Bartimaeus Alliance of the Blind, Inc.
BABINC

Index to Hebrew Study Aids


Taking Hebrew From Another Instructor

If you are taking Hebrew from another instructor, this Hebrew I course may still be of significant use to you. Below are a few ways that having access to this material, even in someone else's class, with someone else's text books, may help.

1) The text books for this course and all the free materials mentioned in the course syllabus will still be of help. The morphology tables by Christo et al will give you access to the various forms of Hebrew nouns and verbs without having to have a sighted reader dictate, letter-by-letter, each of the many forms. The Hebrew Bible with parsing guides can still help you with word-by-word analysis of Bible passages. The importance of the Hebrew Bible files hardly needs explanation.

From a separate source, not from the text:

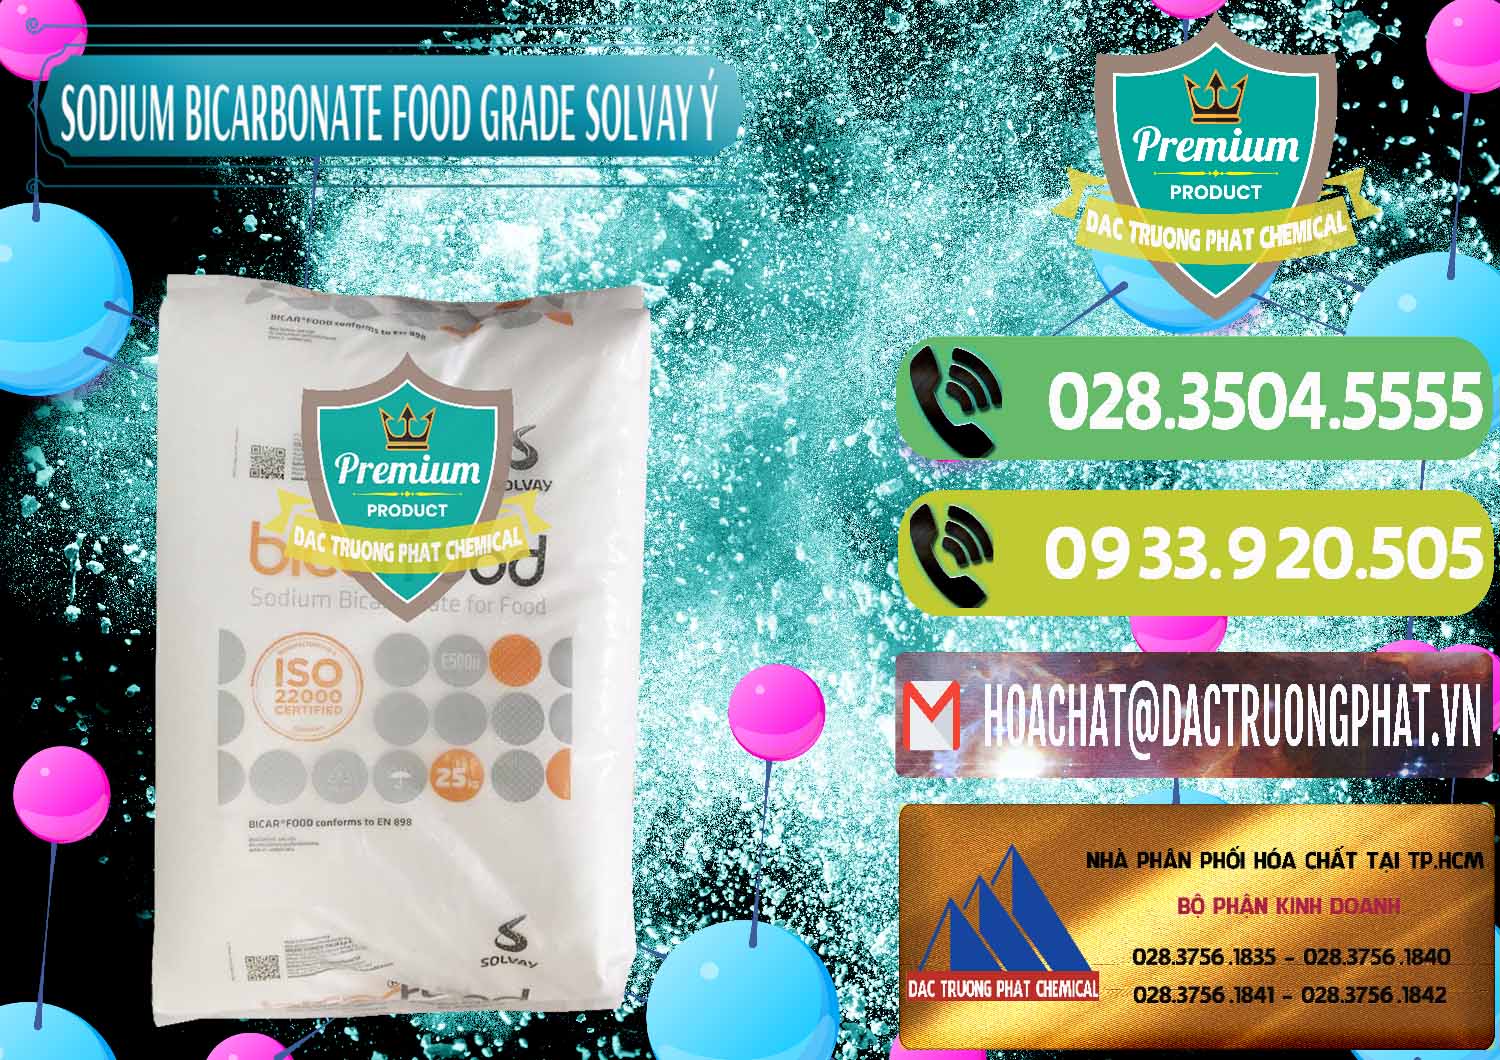 Chuyên kinh doanh _ bán Sodium Bicarbonate – Bicar NaHCO3 Food Grade Solvay Ý Italy - 0220 - Cty phân phối & cung ứng hóa chất tại TP.HCM - hoachatmientay.vn

Even the Weingreen text book can be helpful. Since this text book is divided into dozens of short sections, one may consult the table of contents in Weingreen to find the specific section relevant to whatever is covered in class on a certain day and read it from Weingreen. The student would still be expected to be familiar with what his/her official text book says, but a great deal of useful knowledge can be gained from Weingreen. When it comes to doing exercises for classk, the student would still need to have someone in the class go through their specific text book. This could be done a number of ways. First, the exercises could be done together, with the two students working as a team to do the exercises. If the teacher wants more individual thinking, the sighted student could read the exercises out loud and then the two of them could silently translate them.

2) The course materials here may be of some help. The material in Lesson 1 about getting started reading Hebrew is similar in most Hebrew courses. It would do a blind student much good to spend considerable time with this course's Lesson 1, no matter where he/she is taking Hebrew. There is a song to help one learn the letters and guided Braille Hebrew readings designed to help the student master reading Hebrew. This lesson also explains the unique aspects of Braille Hebrew and how Braille Hebrew differs from print Hebrew. Lessons 7 and 13 contain information about Unicode Hebrew, reading and writing it. This is necessary for handling Hebrew in a sighted world. The core materials of Lesson 14 discuss how to use the parsing guides. Lesson 15's core materials tell how to use the Hebrew-English lexicon that comes with the text books for this course. The file named "Course Contents by Lesson" explains which grammatical concepts are discussed in each lesson so one can look them up at any time. Whenever someone studies construct relationships, he/she can look up the concept in the course contents and read about it from this course. Finally, the appendix section to this course contains lists of vocabulary words by frequency, going down to as few as those occurring 100 times or more. This can save the student time in typing vocabulary words.